Email: stephanie.thomas1@curtin.edu.au

Jeff is a Health Economist with strengths in epidemiological and statistical analyses, mathematical modelling, and economic evaluation. Extending on his PhD thesis, Jeff is currently developing a public health value proposition and a business investment case for a group A Streptococcus vaccine under the Global GAS Consortium.

David Youens is a research Associate at Curtin University’s School of Population Health and PhD candidate. David’s PhD focuses on the impacts of continuity of care with the general practitioner on patient health and hospitalisation. David has published economic evaluations of psychosocial interventions as part of clinical trials. David’s research interests include avoidable hospitalisation among chronically ill patients and economic evaluation of healthcare programs.

Email: david.youens@curtin.edu.au

Michael is an applied economist who works in the area of non market valuation, and especially with discrete choice experiments. He has a PhD from the University of Manchester, and maintains strong research links with colleagues there. He has been involved in major research projects in the UK funded by the Food Standards Agency into the costs of food borne disease, and campylobacter. He is also a member of the FSANZ Social Science and Economics Advisory Group.

Email: michael.burton@uwa.edu.au

Associate Professor Delia Hendrie is part of the Health Economics and Data Analytics group at Curtin’s School of Population Health. She is a health economist and teaches on the following units: Health Economics, Economic Evaluation and Decision Making in Health, Strategic and Operational Health Management and Organisation of Health Care Systems. One of Delia’s main research interests is in policy and program evaluation, in particular in relation to evaluating their effectiveness and cost-effectiveness. Another area of interest is in health policy and systems research, with a particular focus on health care financing and the allocation of health care resources.
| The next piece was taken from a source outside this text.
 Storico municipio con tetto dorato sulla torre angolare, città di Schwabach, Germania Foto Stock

Email: D.V.Hendrie@curtin.edu.au

Huong Le is an economist, a statistician and data analyst at Telethon Kids Institute and The University of Western Australia. She completed her PhD in Economics from The Australian National University and possesses strong analytical and advanced econometric modelling skills. Health economics is her strong research interest. Her research has been published in high-impact journals including Health Economics, American Journal of Health Economics, Review of Income and Wealth and Journal of Population Economics. Her current research focus is using large longitudinal linked data sets to analyse socio-economics issues with focus on topics in the fields of inequality, health, labour, development, and policy impact evaluations.
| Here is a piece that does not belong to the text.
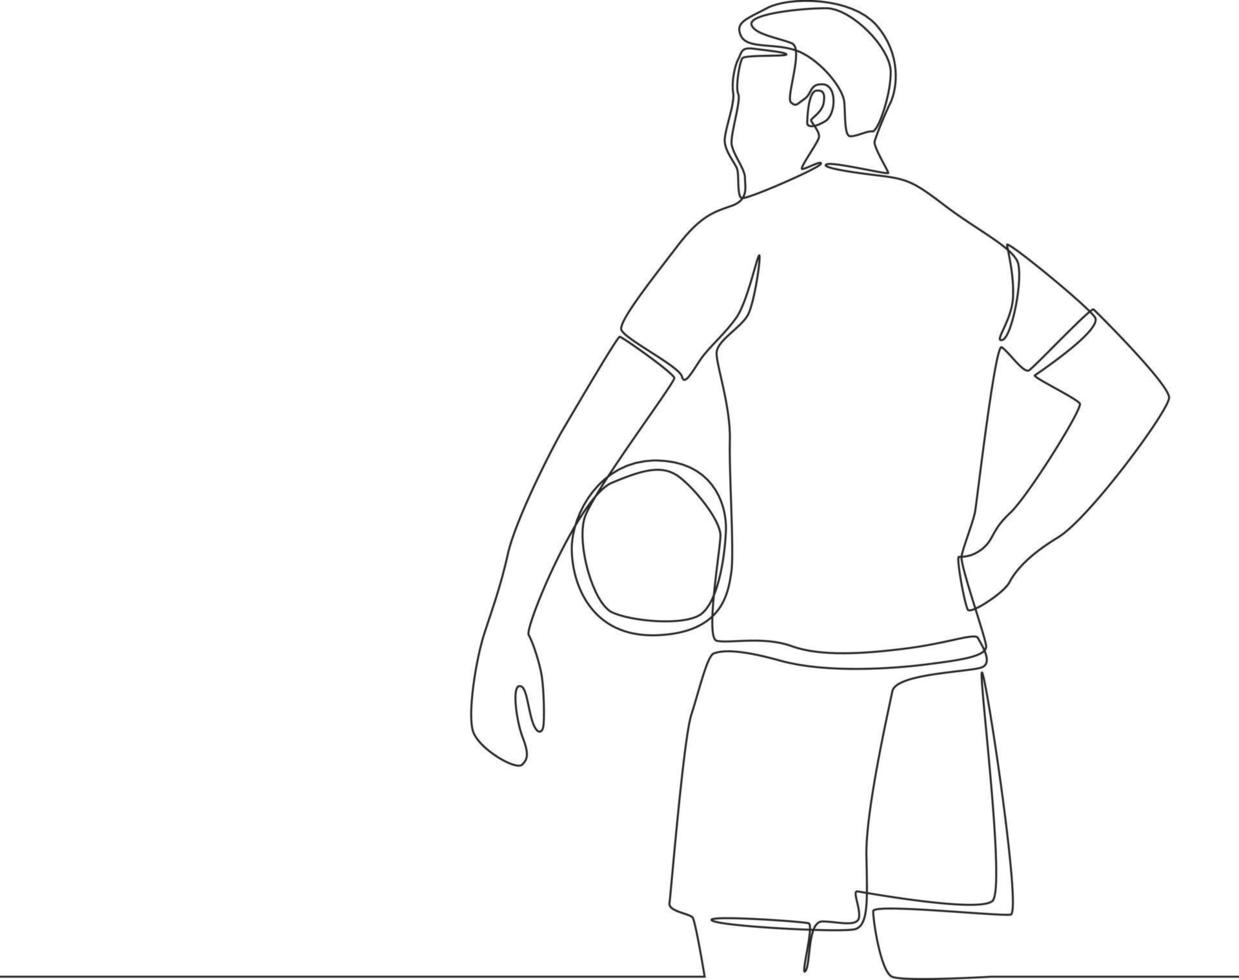 durchgehende einzeilige zeichnung eines fußballspielers, der einen fußball isoliert auf weißem hintergrund hält. moderne einzeilige zeichnen design vektorgrafik illustration. vektor

Email: Huong.Le@telethonkids.org.au

Michael is a Senior Lecturer in the Department of Economics at the University of Western Australia, Perth, Australia. His broad research interests are in health economics and applied econometrics. He has a particular interest in the economics of disability and how health (disability) impacts on economic and social wellbeing. His research has been funded by the Economic and Social Research Council (UK), World Health Organization, Australian Department of Foreign Affairs and Trade, and WA Health.

Email: michael.palmer@uwa.edu.au

Francis is Research Program Head – Population Health at Telethon Kids Institute (TKI); Adjunct Associate Professor, Centre for Child Health Research, at The University of Western Australia; and Associate Professor in the ARC Life Course Centre. He began as a graduate economist at the Australian Bureau of Statistics (ABS) in 1994, working on national accounts and economic and social surveys before entering academia at TKI in 2008. Francis has over 25 years of experience in large-scale population surveys, linked administrative data, economic and social policy evaluation, and policy translation, with a focus on physical and mental health, Indigenous health, social disadvantage and life course trajectories of children and families. He is interested in economic techniques that support evidence-based and cost-effective public policy.